Responses will vary depending on the sample chosen. Most grains are between rounded & angular, but are nearer rounded than angular).
Q2. Now relate to what we saw in the class demonstration to the grain shape.

What does the grain shape tell you about the amount of time over which the grains were transported?

Grains, originally angular, abrade (rub against) one another as they are transported and the longer the process of transportation goes on the more rounded they become.

[NOTE: This may or may not mean transport over a long distance. For example, if movement is up and down the same beach.]

Q3. Are most of the grains made of the same mineral?

What is the evidence?

Yes - on the basis of similar colour (pale or clear) and similar hardness (scratch steel).

(Most of the grains are made of the mineral quartz.)

T5. Use the water dropper bottle and ask pupils to observe. Does a small drop of water sink in or run off the surface of the rock?

What does this tell you about the rock?

Water runs off the rock surface

It is a non porous rock.

(It does not allow water to pass through it so it is an impermeable rock, although water may pass through the bed along joint planes).

Q4. Can you see any fossils in the rock?

What does this tell you about the rock?

No fossils seen, so this does not tell you very much.

Perhaps organisms (a) couldn’t live in the environment at the time the rocks formed or (b) weren’t preserved, either because their hard parts were destroyed during transportation, or they were soft bodies organisms with little chance of being fossilised.

T6. Ask pupils to complete the part of the table summarising the evidence for the sedimentary processes that probably formed the sandstone. Refer to the relevant part of the completed worksheet 2 for sites C & E. (See pupil worksheets pdf file, 348 KB)

Locality “D”

At A Warning Sign On A Track Along A Bench (A Quarry Level) On The North Western Side Of Quarry 2 (M.R. SJ 644 096) Time: 10 minutes

Locality “D”. Turn south west from locality “C” andfollow the path rising from the quarry floor. The path passes alongside the bedding planes dipping at 45º SE. Stop on the path at the warning sign. Point out the need for care close to steep slopes. Do not allow climbing on the quarry faces. Explain that there is more evidence to be investigated here that the rock is a sedimentary one and not a metamorphic “quartzite”.

500


ERC7ricksripples.jpg
Figure 4 and 5: The Sloping Bedding Plane With Ripple Marks At Locality “D”

Activity 1

Possible questions/tasks Possible answers

(words in brackets indicate need or opportunity for further teaching)

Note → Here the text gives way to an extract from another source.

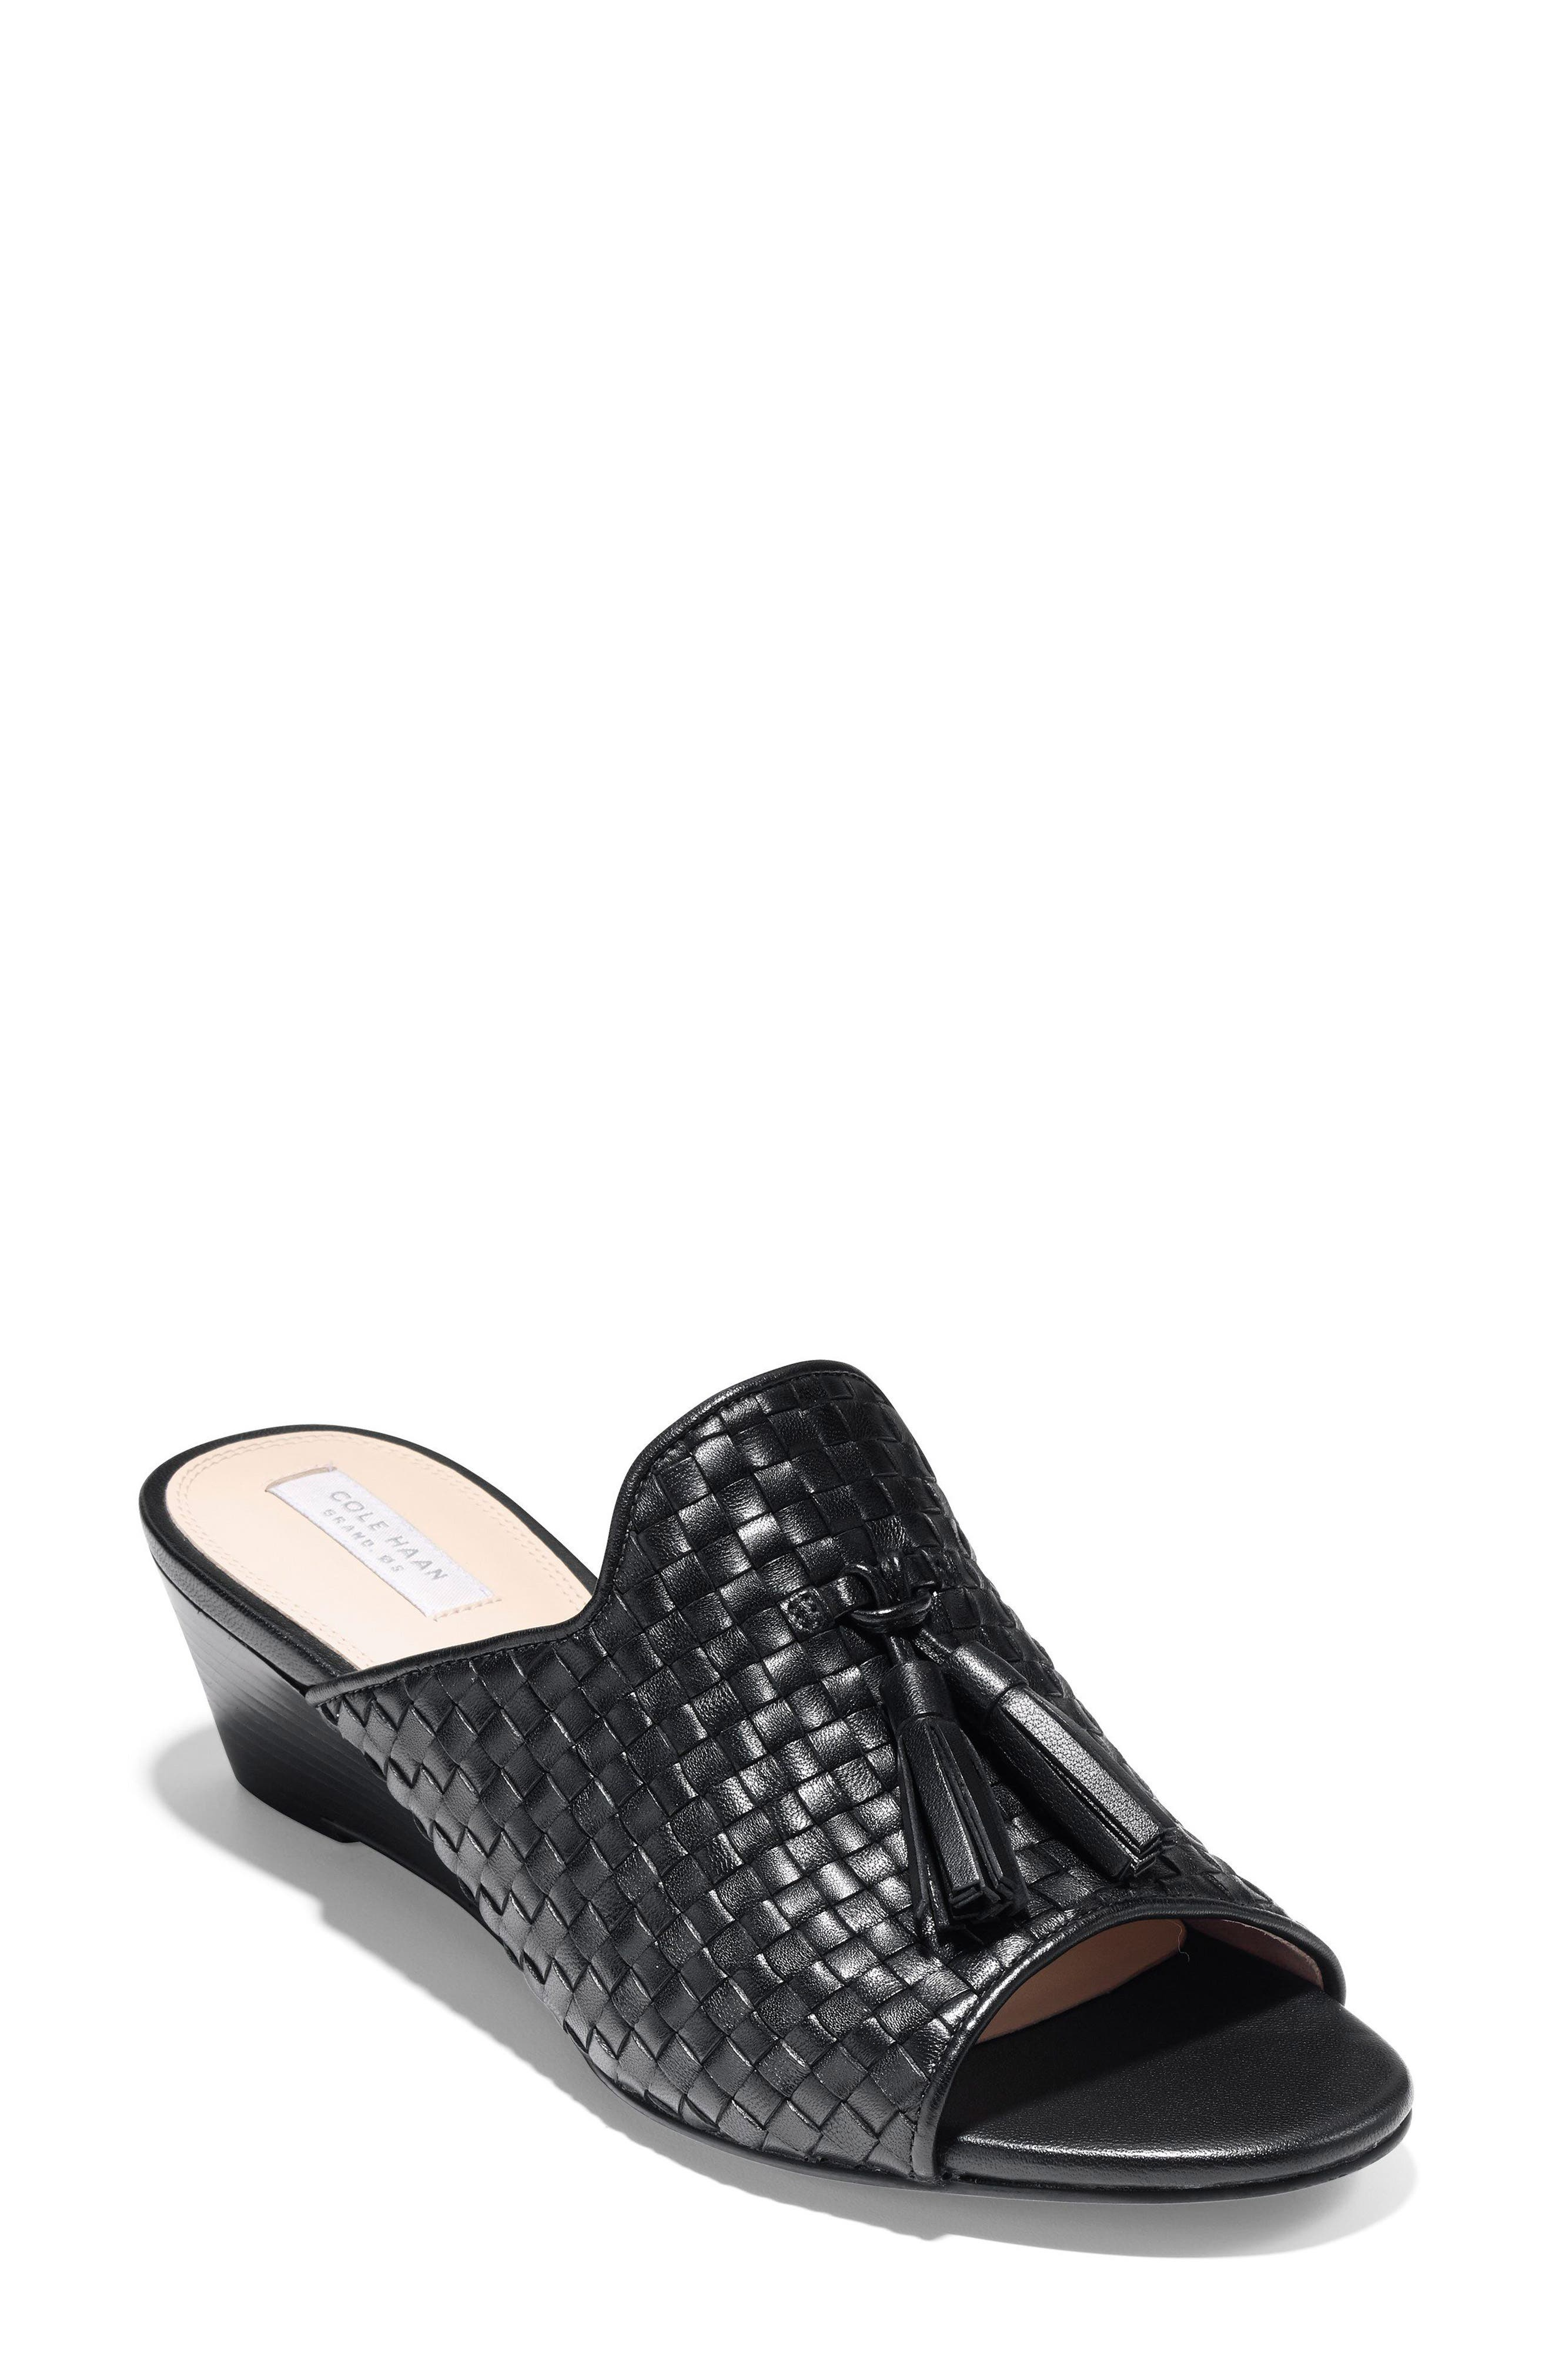 Jagger Wedge Sandal,                         Main,                         color,

T1. Measure the dip amount and direction of this bedding plane.

TIP: Use a clipboard to get an appropriate plane surface for measurement. First use the clinometer to find the “horizontal” across the bedding plane (dip= 0 degrees), then measure the true dip at right angles to this horizontal.

Dip measurements, depending on exactly where they are taken should be close to 45-50° tilt (angle of dip) towards the south east, or 135 degrees magnetic.

(This is an optional activity, if the instruments are available. If so add 15 minutes to the time for the activity. If not draw attention to the dip and lead into the next question).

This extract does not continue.